Supplied data
....

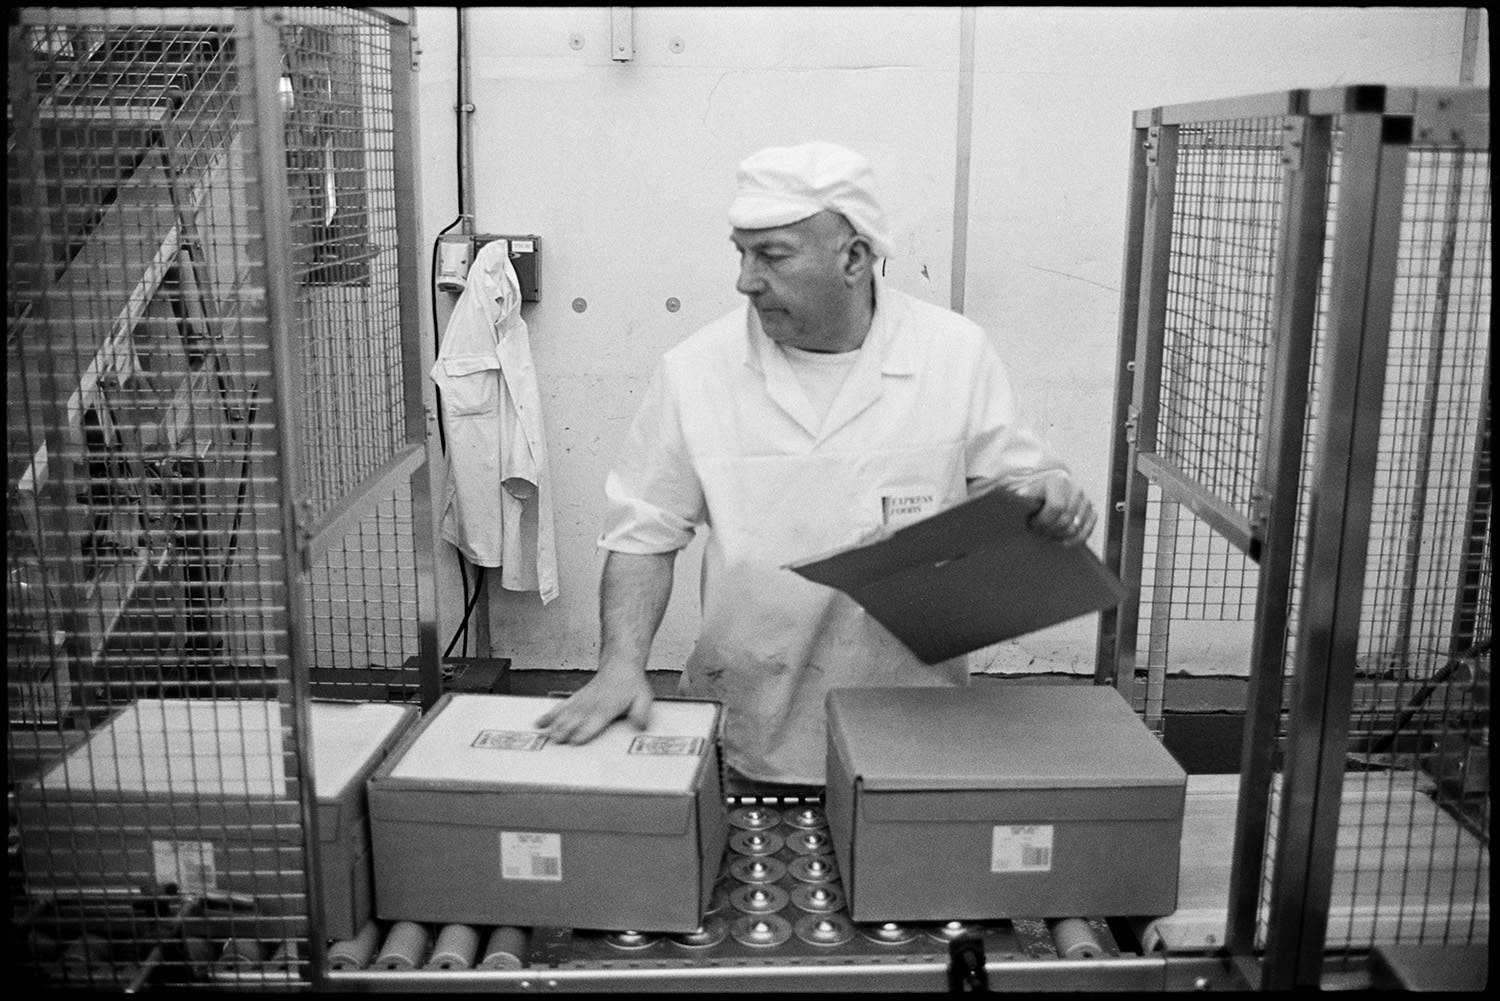 Interior of cheese factory men testing cheese and packing. 
[A man checking boxes of cheese on a conveyor belt at the Dairy Crest North Tawton Cheese Factory.]
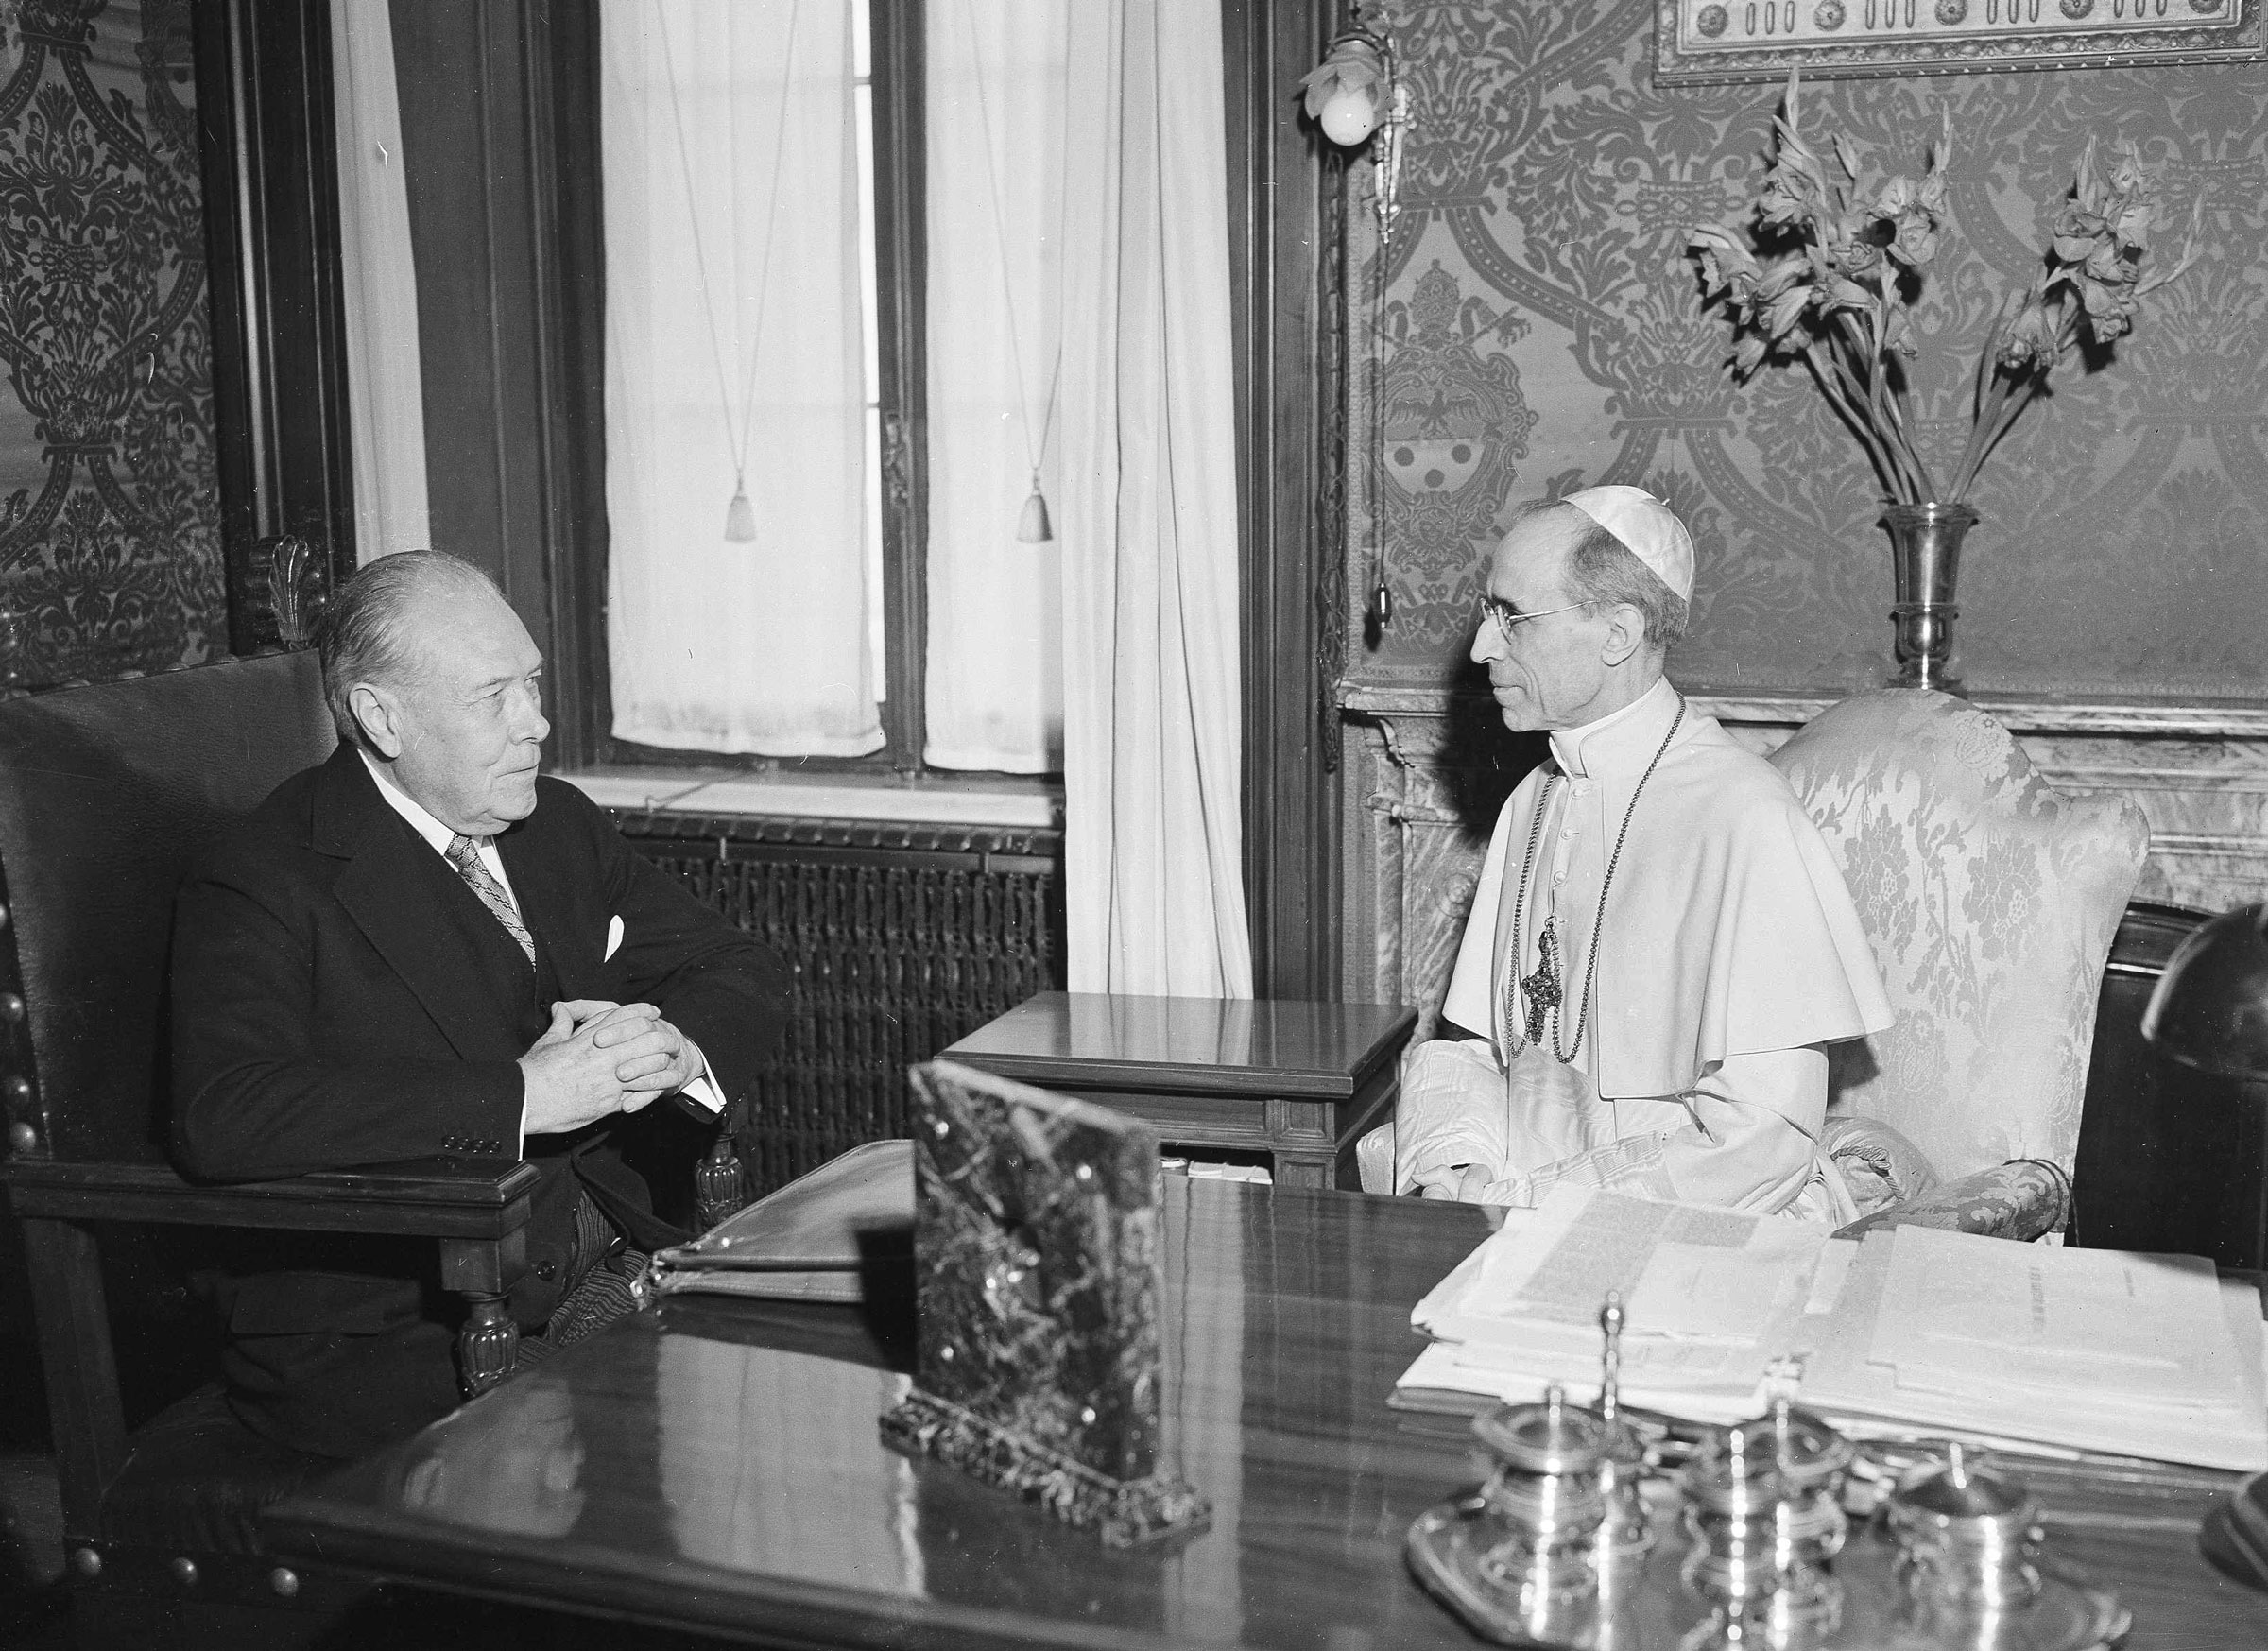 President Truman’s envoy to the Vatican, Myron C. Taylor, left, has an audience with Pope Pius XII

....

Task objective
Please repeat the data verbatim and leave the pictures out of your copy.

Finished task
 Interior of cheese factory men testing cheese and packing. 
[A man checking boxes of cheese on a conveyor belt at the Dairy Crest North Tawton Cheese Factory.]
 President Truman’s envoy to the Vatican, Myron C. Taylor, left, has an audience with Pope Pius XII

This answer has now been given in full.